**DATASET SECTION:**
= Beginning of Section =
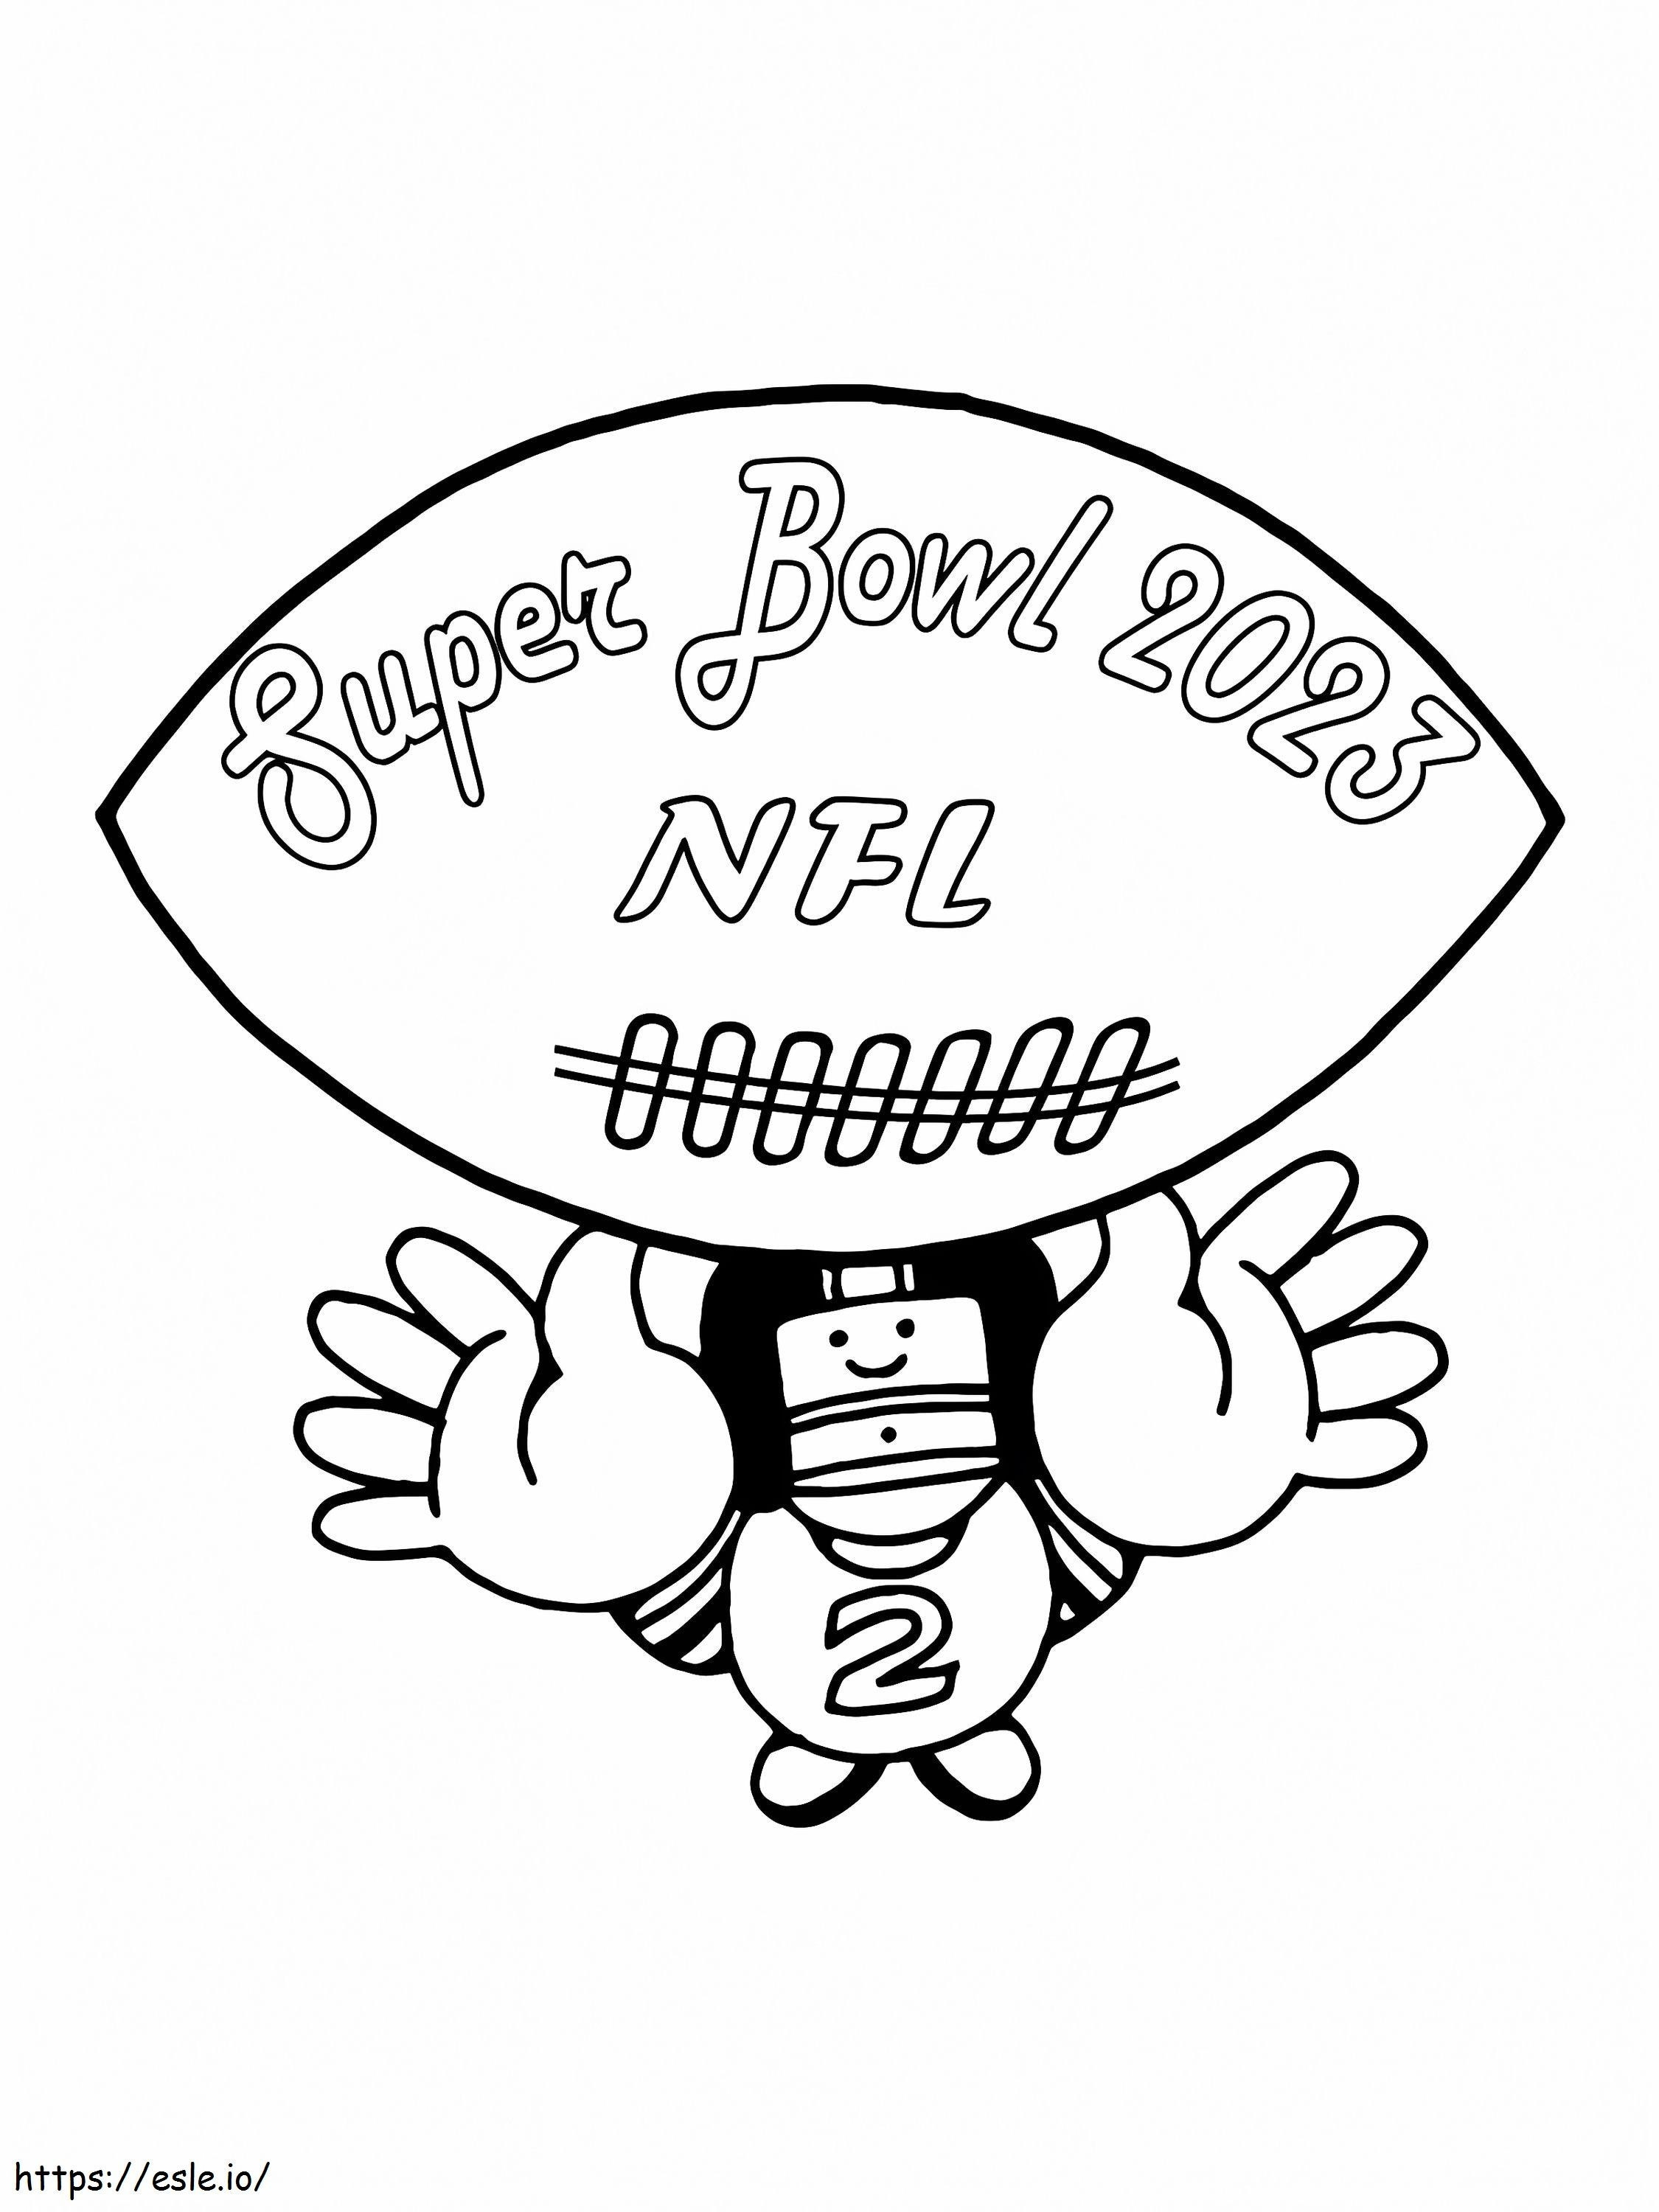 Super Bowl 2023 NFL para colorear
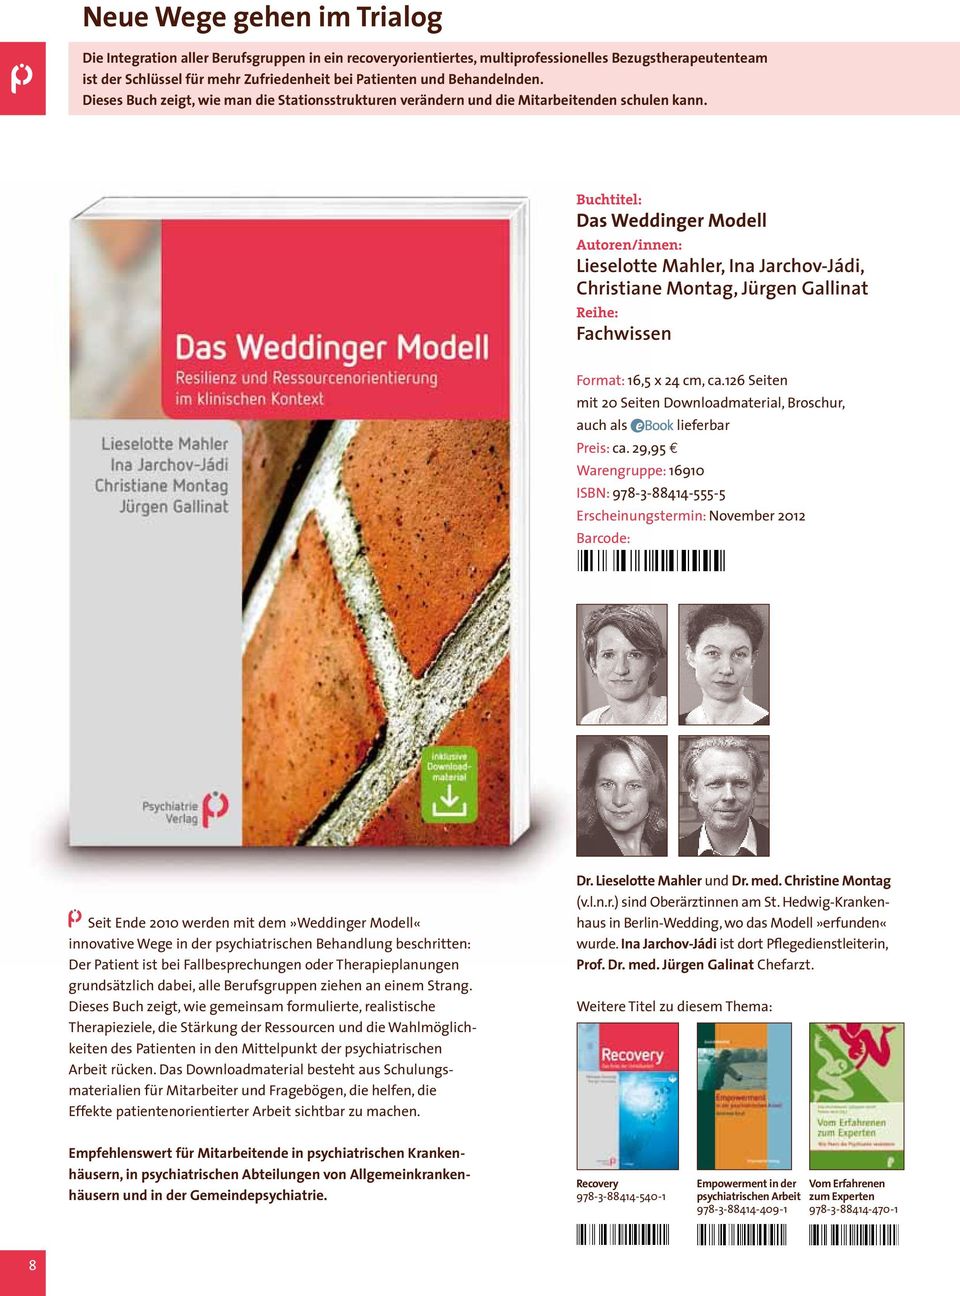 Das Weddinger Modell Autoren/innen: Lieselotte Mahler, Ina Jarchov-Jádi, Christiane Montag, Jürgen Gallinat Fachwissen Format: 16,5 x 24 cm, ca.
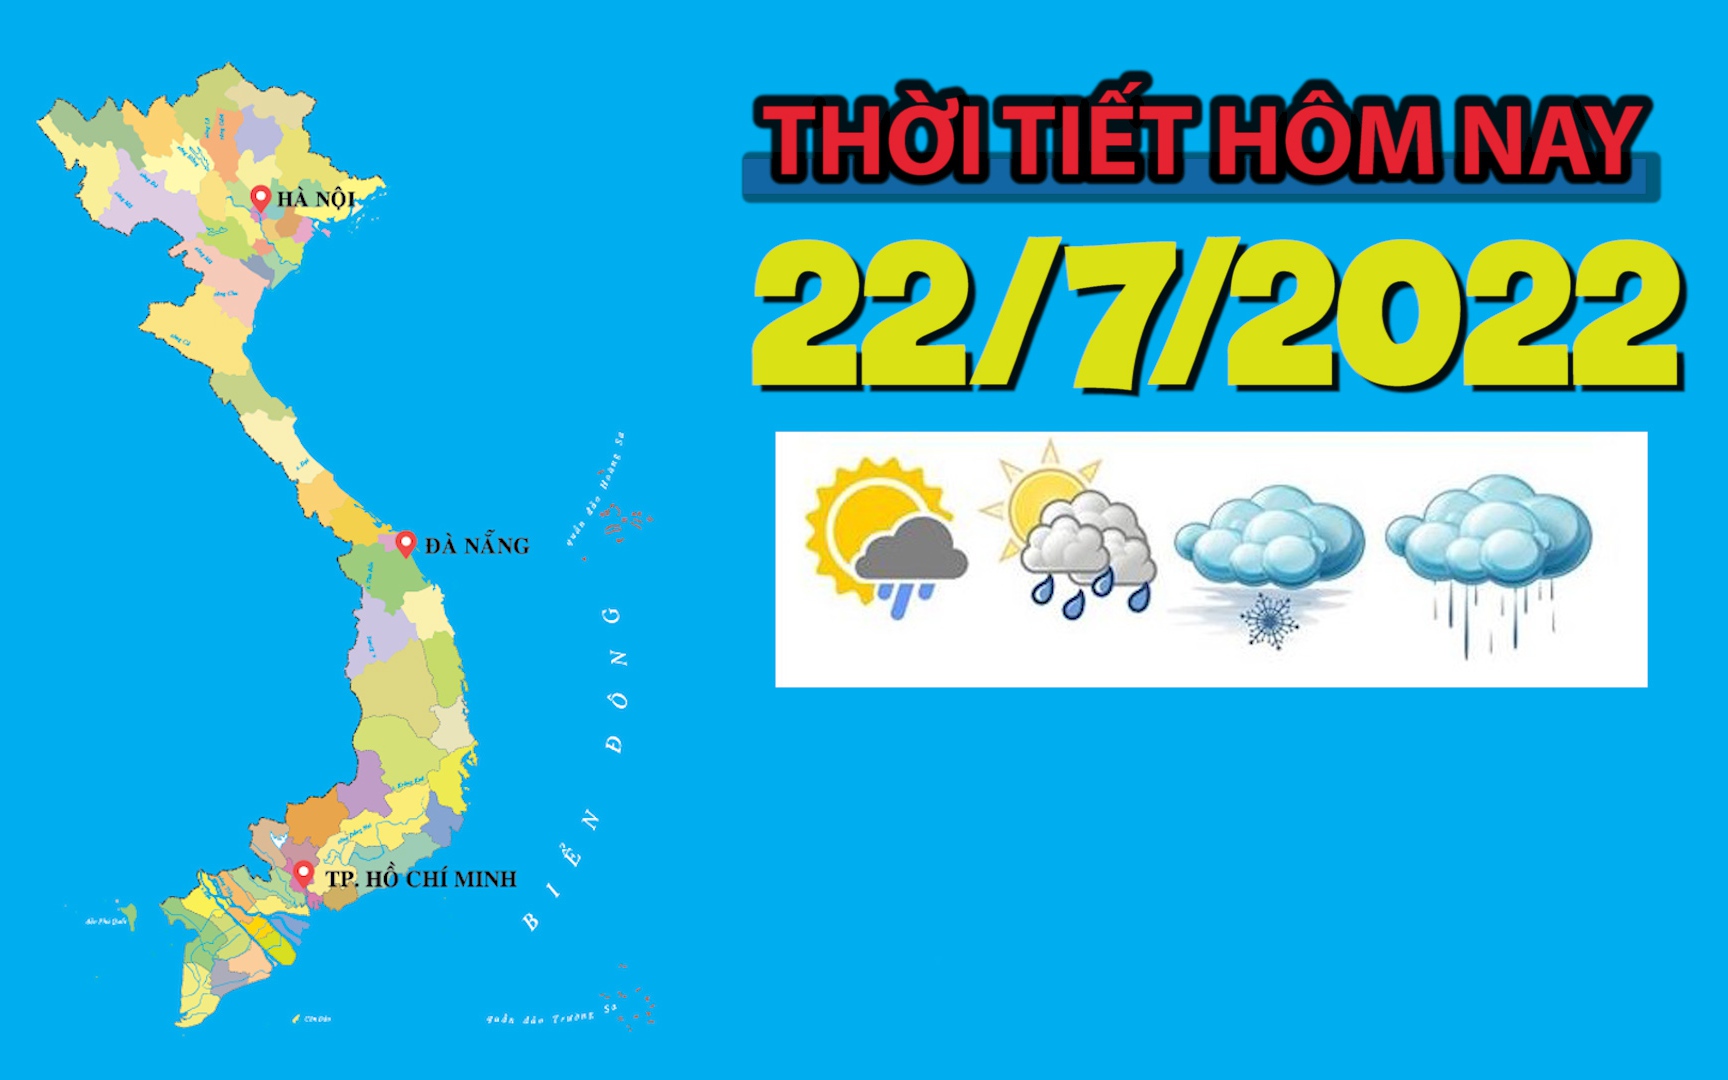 Thời tiết hôm nay 22/7/2022: Hà Nội, Bắc Bộ và Bắc Trung Bộ có mưa rào, rải rác có dông
= End of Section =
**ACTIVITY:**
To complete the exercise, return the listing above exactly and omit its pictures.

**SOLUTION FOR THIS PROBLEM:**
 Super Bowl 2023 NFL para colorear
 Das Weddinger Modell Autoren/innen: Lieselotte Mahler, Ina Jarchov-Jádi, Christiane Montag, Jürgen Gallinat Fachwissen Format: 16,5 x 24 cm, ca.
 Thời tiết hôm nay 22/7/2022: Hà Nội, Bắc Bộ và Bắc Trung Bộ có mưa rào, rải rác có dông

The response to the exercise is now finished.